Some of the latest creations still learning but its coming along. i enjoy the checkering the more i do the more i wanna do.. Some of the lines are just me playing around trying to learn what can and can't be done.. i also learned where lines come to a point you can't continue running over them they have to be light or the wood will fall away.. just something to share, thanks guys.. and mike


----------



## 1222DANO (Sep 1, 2014)

Not completely done with the pistol grip but you can see the heavy line down the center thats me trying to fix the intersection of all those lines. if you look in the lower corner where its rounded bout in the middle is where the wood fell away from all the intersecting lines..


----------



## tim scott (Sep 2, 2014)

danny,
that diamond pattern is looking good, your learning just takes time.... now your doing new mistakes just as expected... you've gone from too timid to way too rough.... there's no way to repair those heavy run overs.... back off a little clean the cutter more often.... takes doing a lot more before you get the hang of it.... and you have to get over the thought that this is just an old broken stock to practice on..... you have to treat every piece you touch as a very valuable pricey hunk of wood... I have three thousand dollar pieces of wood piled in my shop.... add to that the labor of stocking them up and I'm not very forgiving. but then in some ways the high end wood is easier to work... very hard and dense so it cuts much cleaner.....

when you start out working a pattern get all your lines in properly spaced and straight before you start cutting to full depth... kinda work up to full depth as you get it roughed in. do you have a riffler? funny looking bent file used for straightening out lines? it's a must have!!!!
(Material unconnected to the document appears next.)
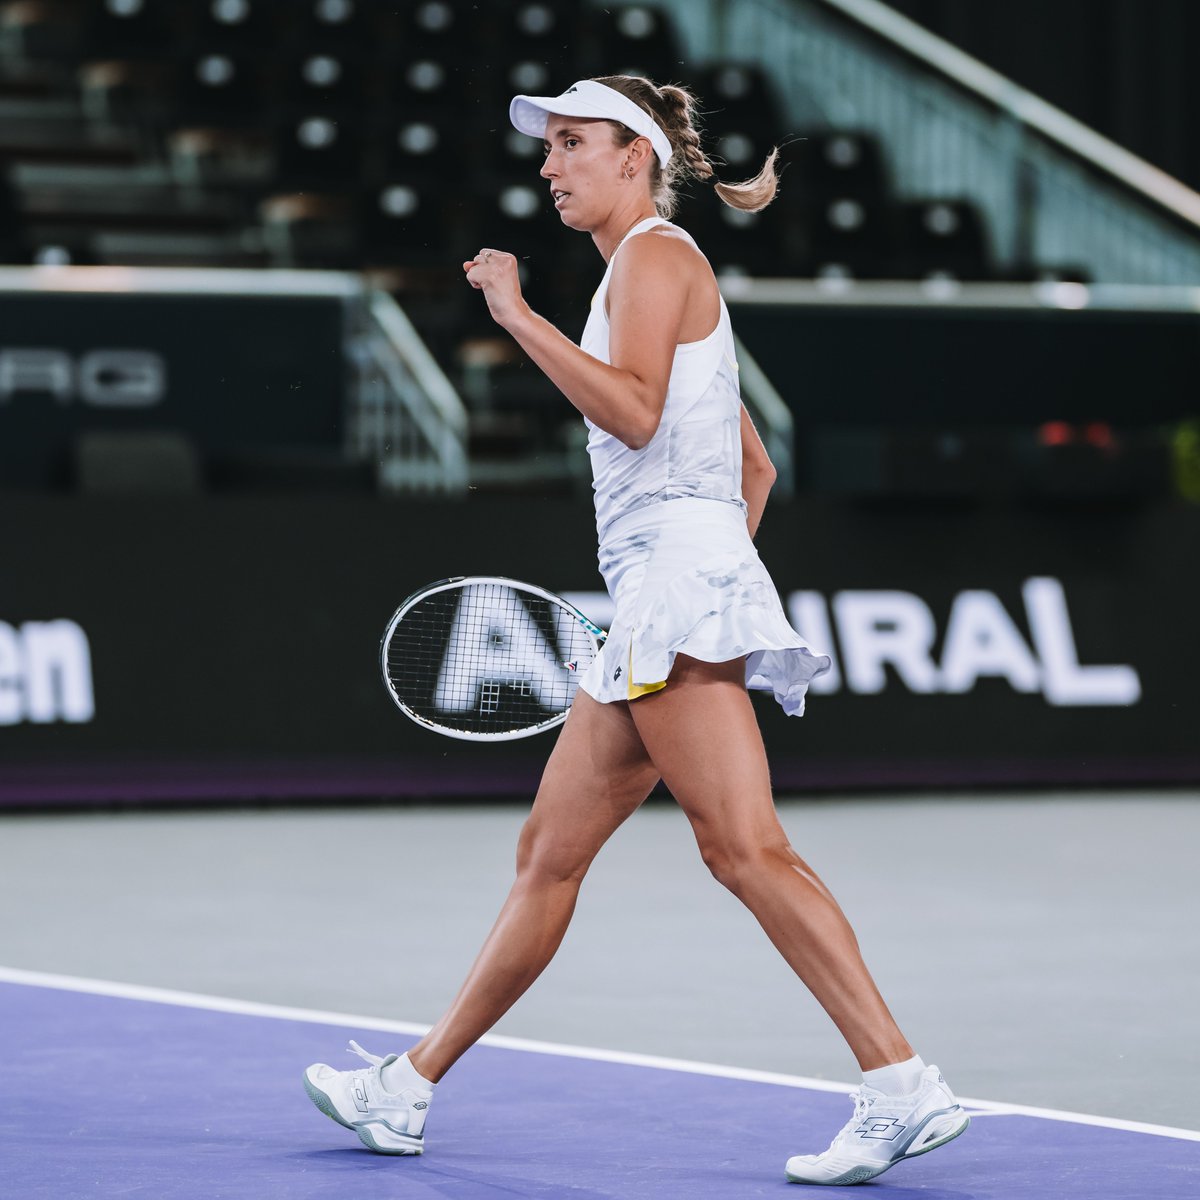 Fresh off her Australian Open doubles title, 2020 finalist @elise_mertens moves on to the quarterfinals knocking out Bronzetti 6-1, 6-3. #WTALinz

I hope to be picking up an early .378 weatherby in perfect condition in this next week. again congrats on you new one.... 
tim


----------



## tim scott (Sep 2, 2014)

danny,
I almost forgot you need to get a couple more cutters. I want you to try finer and finer checkering... more lines per inch. in a way easier to do but also harder in that it's much more difficult to see.... cheap solution for now is a pair of reading glasses, all they do is magnify. also have you made a checkering cradle or are you trying to hand hold the work?
tim


----------



## 1222DANO (Sep 3, 2014)

i'm hand holding the stock.. i need to invest in a cradle for sure.. i'm about to order a good bit more tools so any suggestions wood be great.. before i start next time i'm gonna have a good light,magnifying glasses, riffler and some more cutting tools.. i think thats whats holding me back is the thought of just grabbing it up doing some checkering because its a practice piece anyways. i'm gonna get the mindset of its of value and has to look highend when finished.. that weatherby sounds nice i'm sure you'll enjoy it.. 378 i bet thats an awesome round and thats close to that 375 holland and holland you we're looking for..


----------



## tim scott (Sep 3, 2014)

danny,
ok, that explains a lot..... you can't hand hold the stock!!!!! making a checkering cradle is easy. I mean you built your own huge house... you can take a piece of 2x4 for the main frame and a couple pieces of scrap and a couple of bolts from the hardware store........ an hour and your done. what you do is grab the main frame in an old swivel bench vise and go to it..... you can make fancier later on..... it's all about learning the basics first.... gotta learn to walk before you can play football. once you learn how to do the simple basic patterns by hand then you can start making some money.... and with that you can buy all the expensive fancy tools like a power checkering unit and an engravers vise or a binocular microscope..... all needed on down the road but also about 6 grand invested. I've known guys that paid their way thru college, made their new truck payments and always had walking around money. all from a few hours checkering nightly.... but they treated it like a real business and put in the hours nightly.
be careful with the magnifying glasses wear them too much and don't take the time to take them off and look around so your eyes can re-adjust now and then your eyes will get use to the glasses and you start down a road needing more and more magnification and basically you go blind. you have to look up and focus across the room often!!

yeah the .378 weatherby is everything I want for penetration but they are the worst recoiling guns made, just brutal.... still would like a nice lite weight .375 Holland and Holland for all around use. i'll get a package off to you in the next week or so. give me a call when you get the chance and can talk.
tim


----------



## doublebarrel (Sep 5, 2014)

When checkering pistol grips get a flat board and carefully screw each grip down on it and put board in vise to hold it.One at the time. Bobby


----------